■ **Requirement**:
Every line below from the one containing "humidificateur d air" through the one containing "Magnifica casa con" is to be printed exactly, with the pictures omitted.

■ **Input material**:
=== Section Start ===

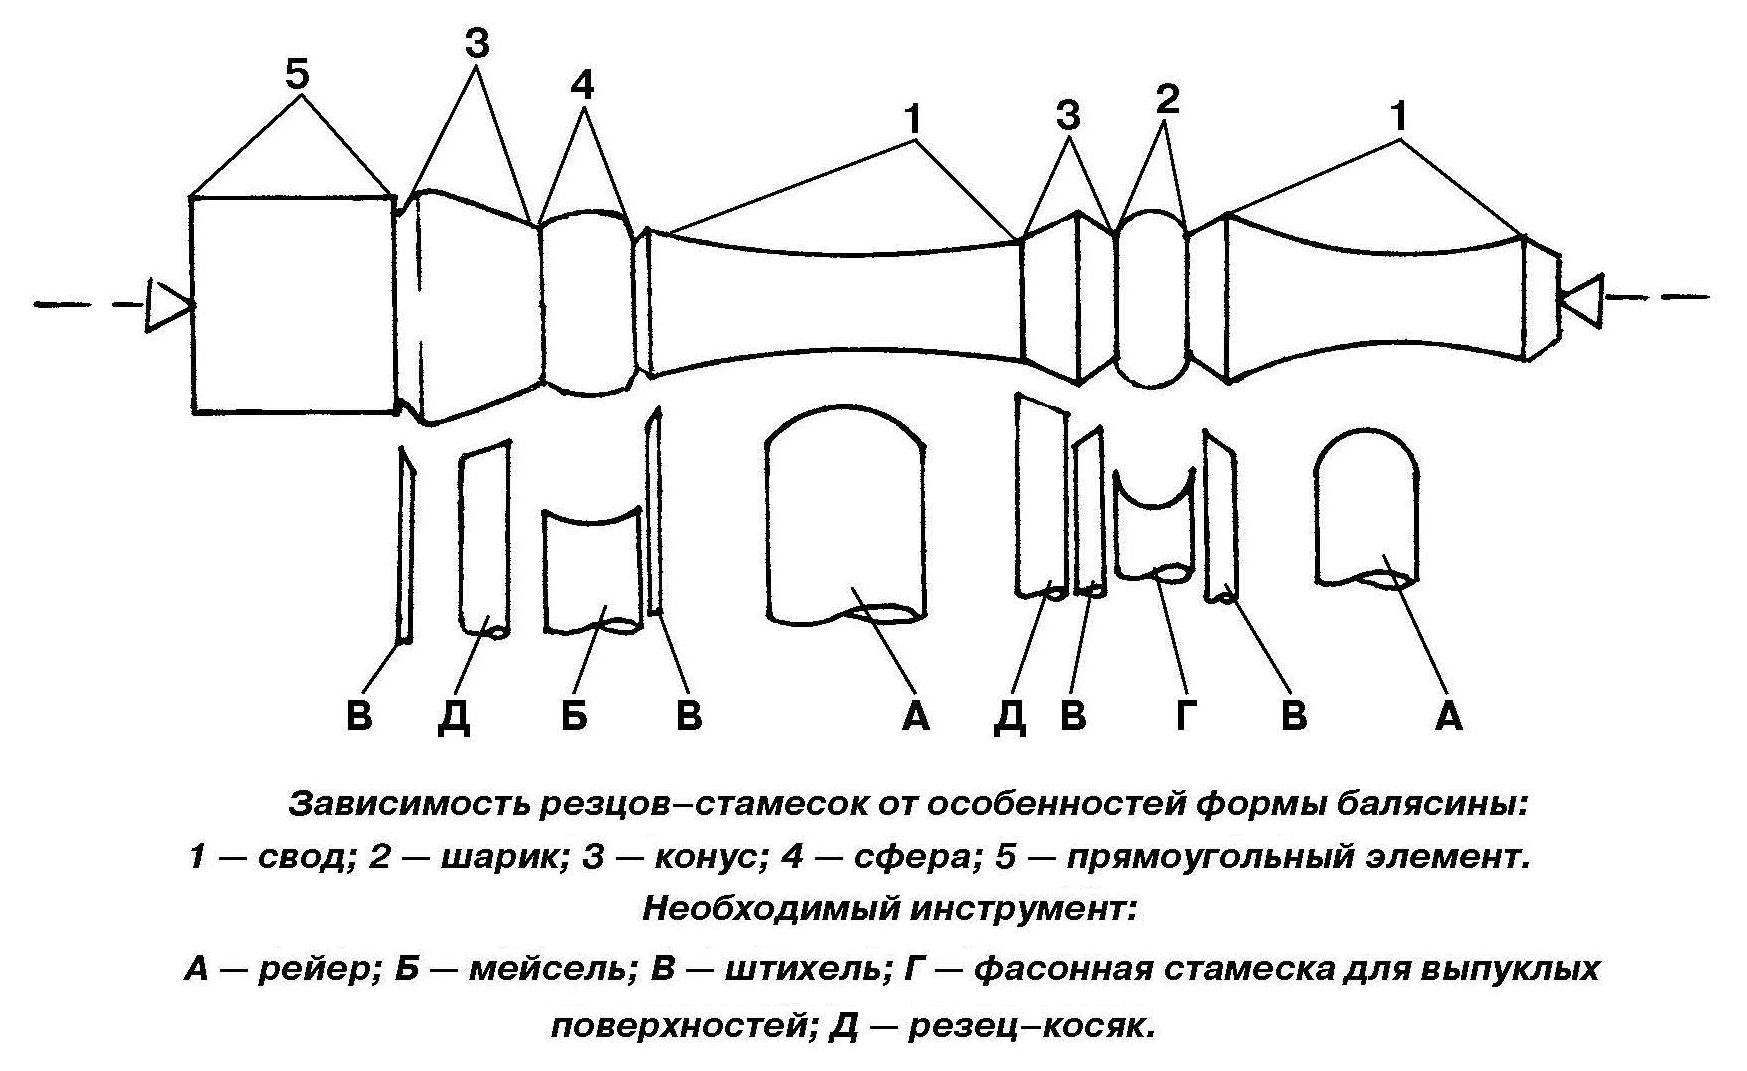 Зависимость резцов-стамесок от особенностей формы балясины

=== Section End ===
=== Section Start ===

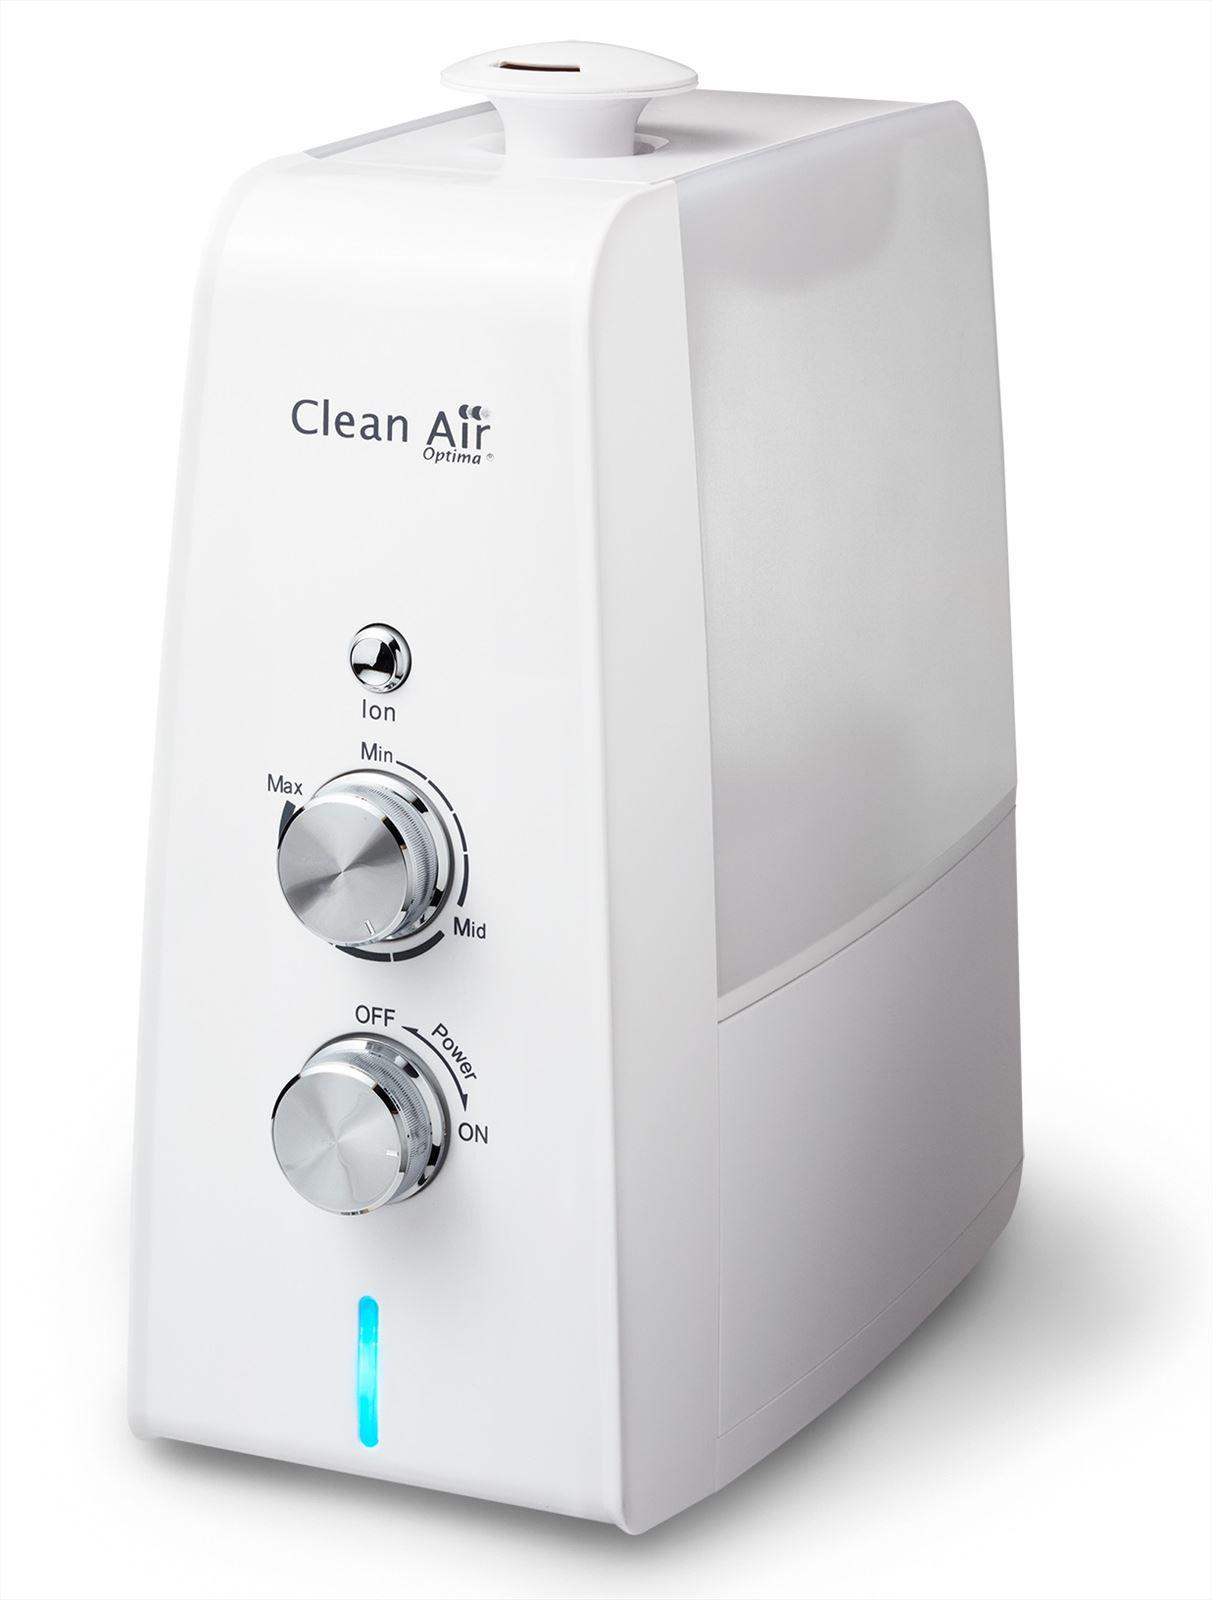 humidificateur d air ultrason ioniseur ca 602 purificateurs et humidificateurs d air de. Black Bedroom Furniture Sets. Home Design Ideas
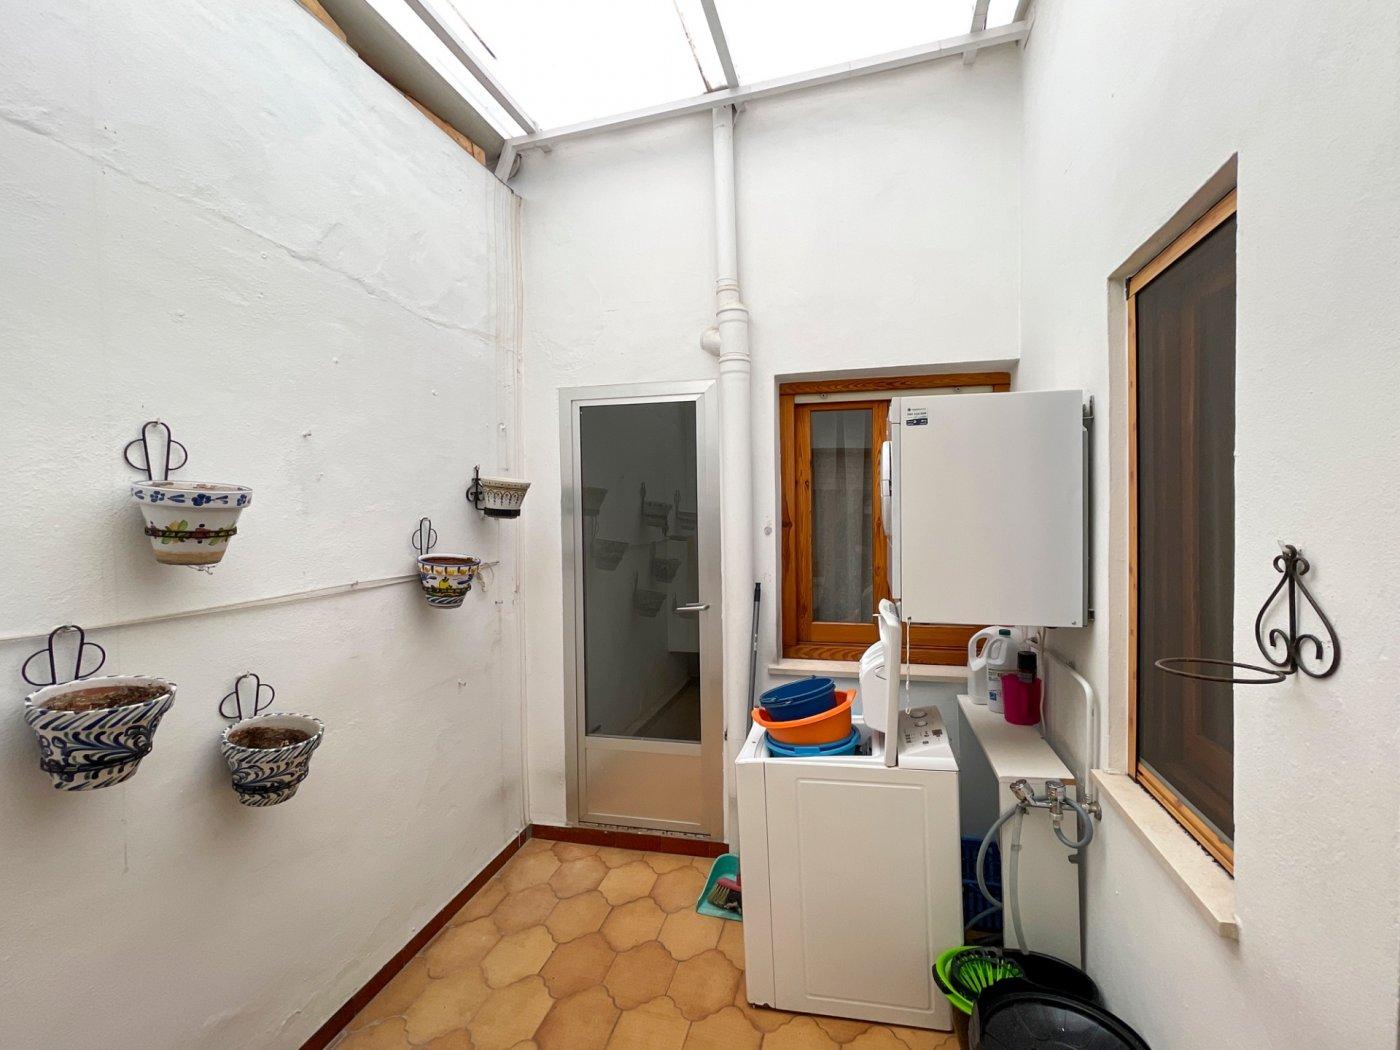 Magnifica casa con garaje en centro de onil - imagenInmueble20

=== Section End ===
=== Section Start ===

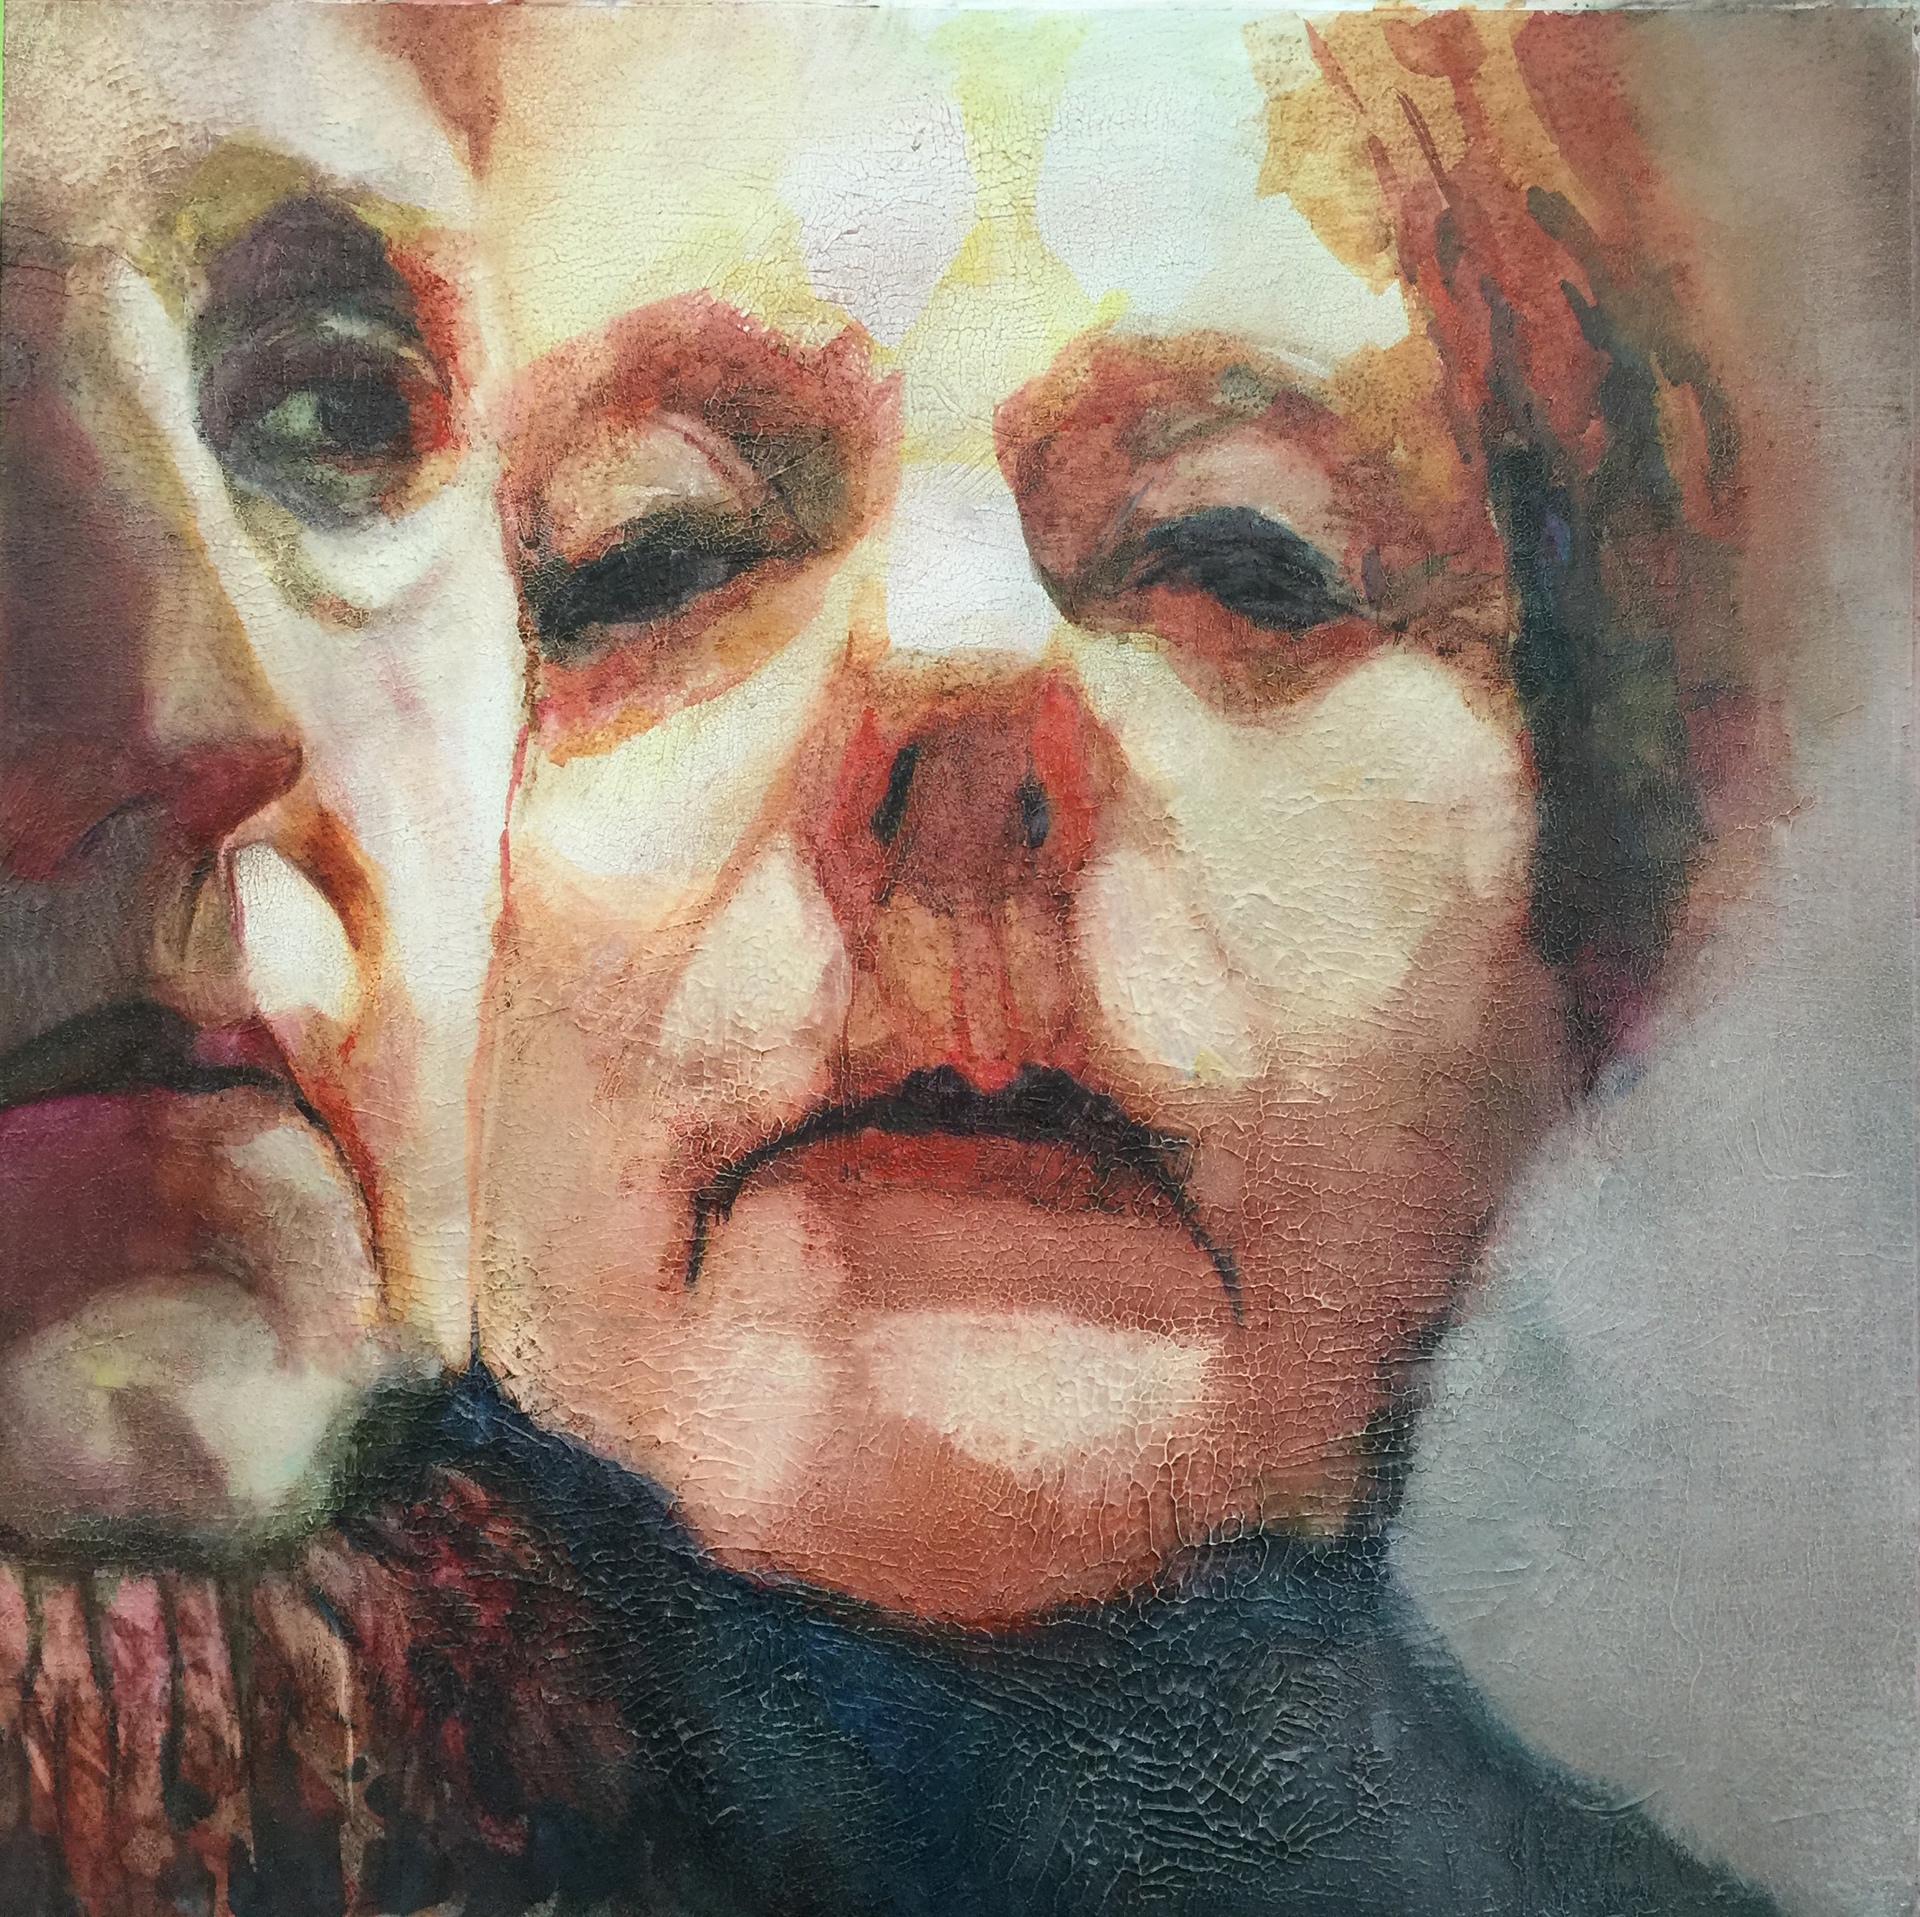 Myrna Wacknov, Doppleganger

=== Section End ===

■ **Output for this task**:
 humidificateur d air ultrason ioniseur ca 602 purificateurs et humidificateurs d air de. Black Bedroom Furniture Sets. Home Design Ideas
 Magnifica casa con garaje en centro de onil - imagenInmueble20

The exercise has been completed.